"Trk1,Trk2,Hal4及Hal5調控細胞自噬之角色"

Abstract

細胞自噬是一個蛋白質分解機制，藉由雙層膜構造-自噬小體吞噬細胞質內不必要之物質，包含蛋白質或損壞的胞器，進而與液泡或溶酶體結合後水解。這個高度保守的機制有維持細胞內滲透壓恆定的重要功能，細胞自噬一旦失調即會導致許多人類疾病的產生，例如神經退化性疾病和癌症。當細胞受到外界環境刺激或接受到養分或氧氣不足時，就會啟動細胞自噬。此過程可分為四個階段，細胞自噬啟動、分隔膜形成、自噬小泡成熟和溶酶體分解。每一個階段都有許多特定蛋白調控，且許多磷酸酶也參與其中。前人研究發現Hal4和Hal5在維持細胞膜上運輸蛋白的穩定性扮演重要角色。這兩個功能相似的磷酸酶藉由調控鉀離子運輸蛋白Trk1-Trk2和穩定細胞膜上Trk1，促進鉀的攝取而調控鹽類耐受性。此外，我們先前研究證實剔除hal4和hal5基因的酵母菌會使細胞自噬活性下降且降低細胞生長速率。藉由補充鉀離子或是過度表現蛋白，可以恢復細胞生長速率，但只能有限地修復細胞自噬活性。本研究致力於研究是否Trk1和Trk2運輸蛋白也參與細胞自噬的調控。然而，根據我的實驗結果，發現剔除Trk1和Trk2 基因的酵母菌所產生的細胞自噬活性下降和生長速率遲緩，皆可藉由補充鉀離子全然恢復，證實Trk1和Trk2與細胞自噬的調控沒有直接關係。

Autophagy is a protein degradation pathway by engulfing cytoplasmic components, including protein aggregates and damaged organelles, into autophagosomes that later fuse with the vacuole in yeast or the equivalent organelle lysosome in metazoans. It is a highly conserved process occurring from yeast to mammals and is critical to maintaining cell homeostasis. Deregulated autophagy is involved in various human diseases, such as neurodegenerative diseases, cancers, and metabolic diseases. When cells suffer stress such as starvation or heat, autophagy will be induced. This process can be divided into four stages: initiation, autophagosome formation, autophagosome maturation, and lysosome degradation.
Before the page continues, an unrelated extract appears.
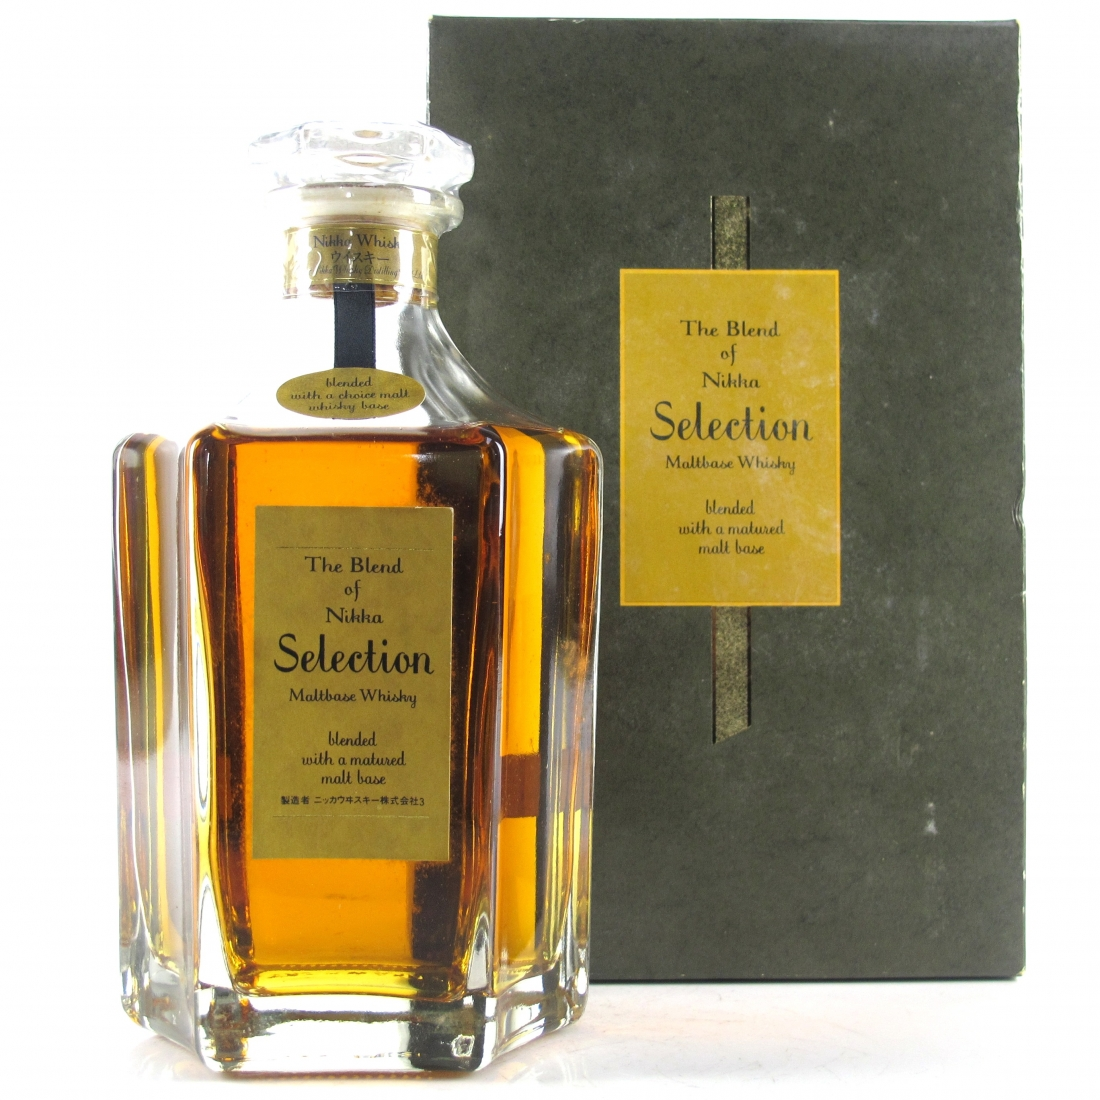 The Blend of Nikka Maltbase Whisky 66cl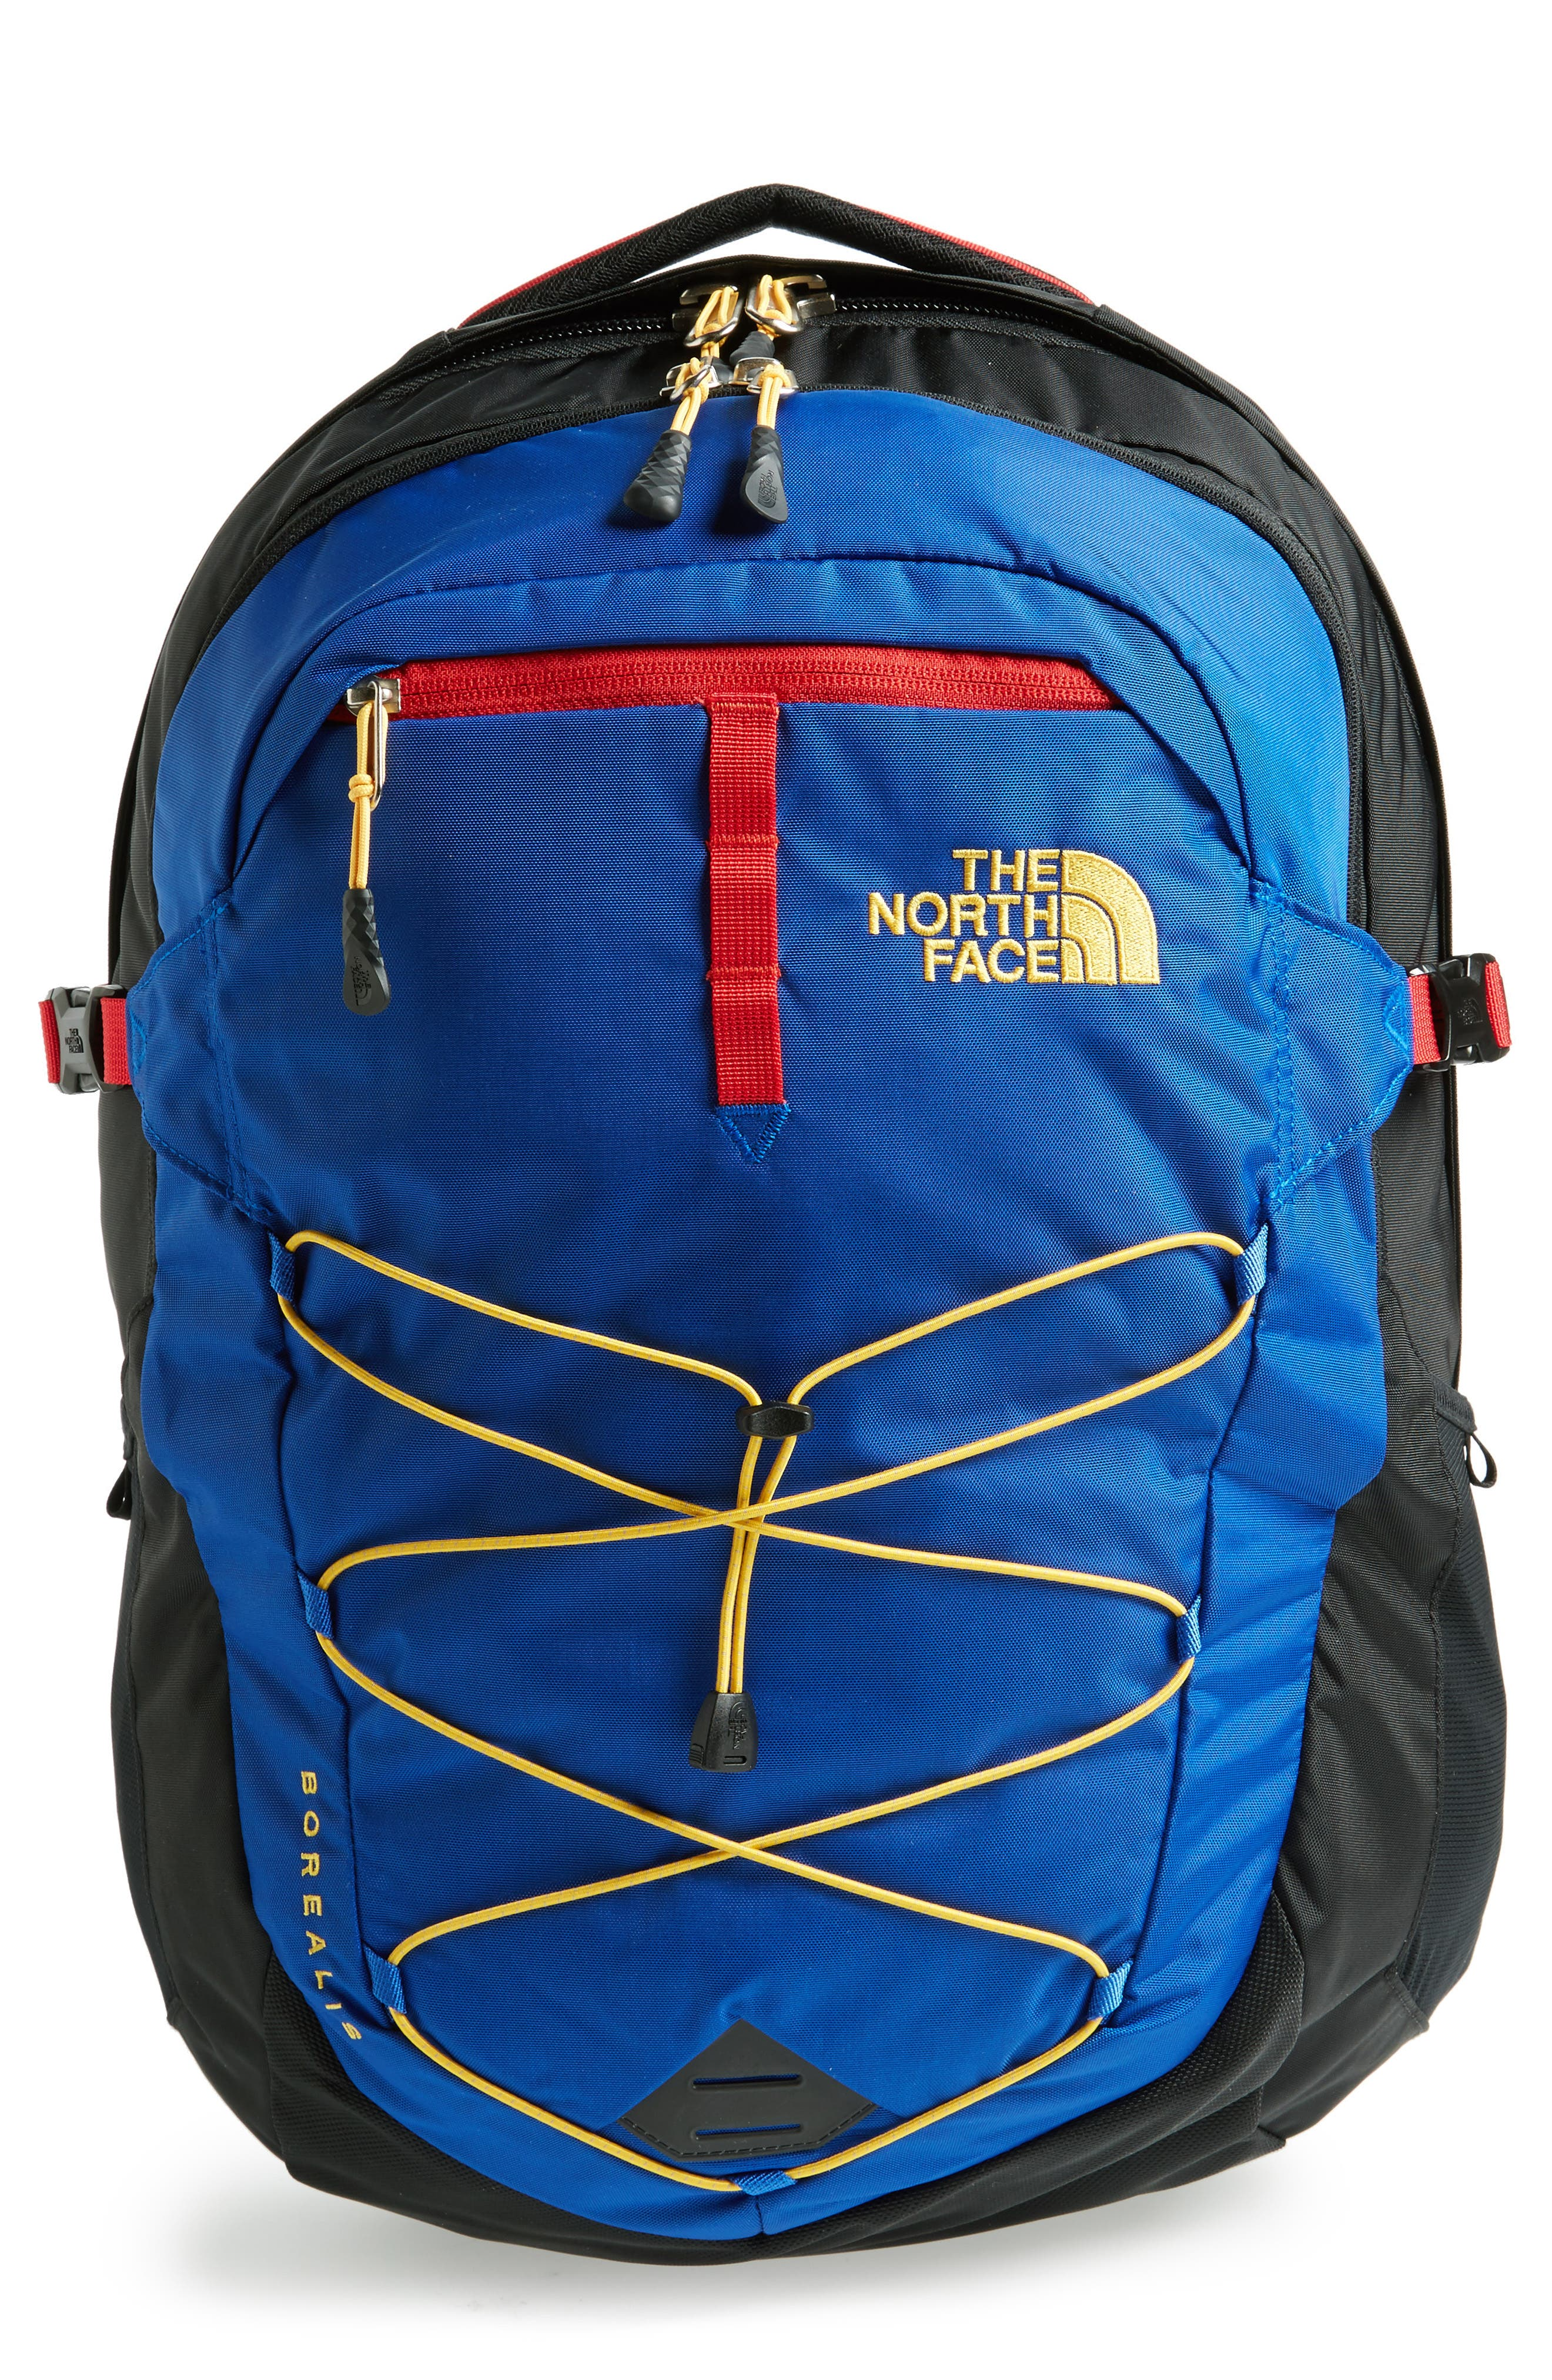 Borealis Backpack,                             Main thumbnail 1, color,                             402

Each stage is regulated by specific proteins and several kinases are also involved. Hal4 and Hal5 are two functionally redundant Ser/Thr protein kinases involved in salt tolerance. Previous studies had shown the important role of Hal4 and Hal5 protein kinases to maintain the stability of plasma membrane transporter protein Trk1 and Trk2. Hal4 and Hal5 promote K+ uptake by the potassium transporter Trk1-Trk2 and stabilize Trk1 in the plasma membrane. A previous study from our laboratory had found that knockout of HAL4 and HAL5 genes in budding yeast caused severe autophagy defects and slower growth phenotype. Supplementation of potassium and overexpression of Npr1 can rescue the growth defect but not autophagy defect in the double knockout mutant cells. In this study, I aim to investigate whether Trk1 and Trk2 are also involved in autophagy regulation. My experimental results show that the autophagy and growth defect in the double knockout trk1trk2 mutant can be rescued by potassium supplementation completely, which demonstrates the potassium transporter protein Trk1 and Trk2 are not directly involved in autophagy regulation.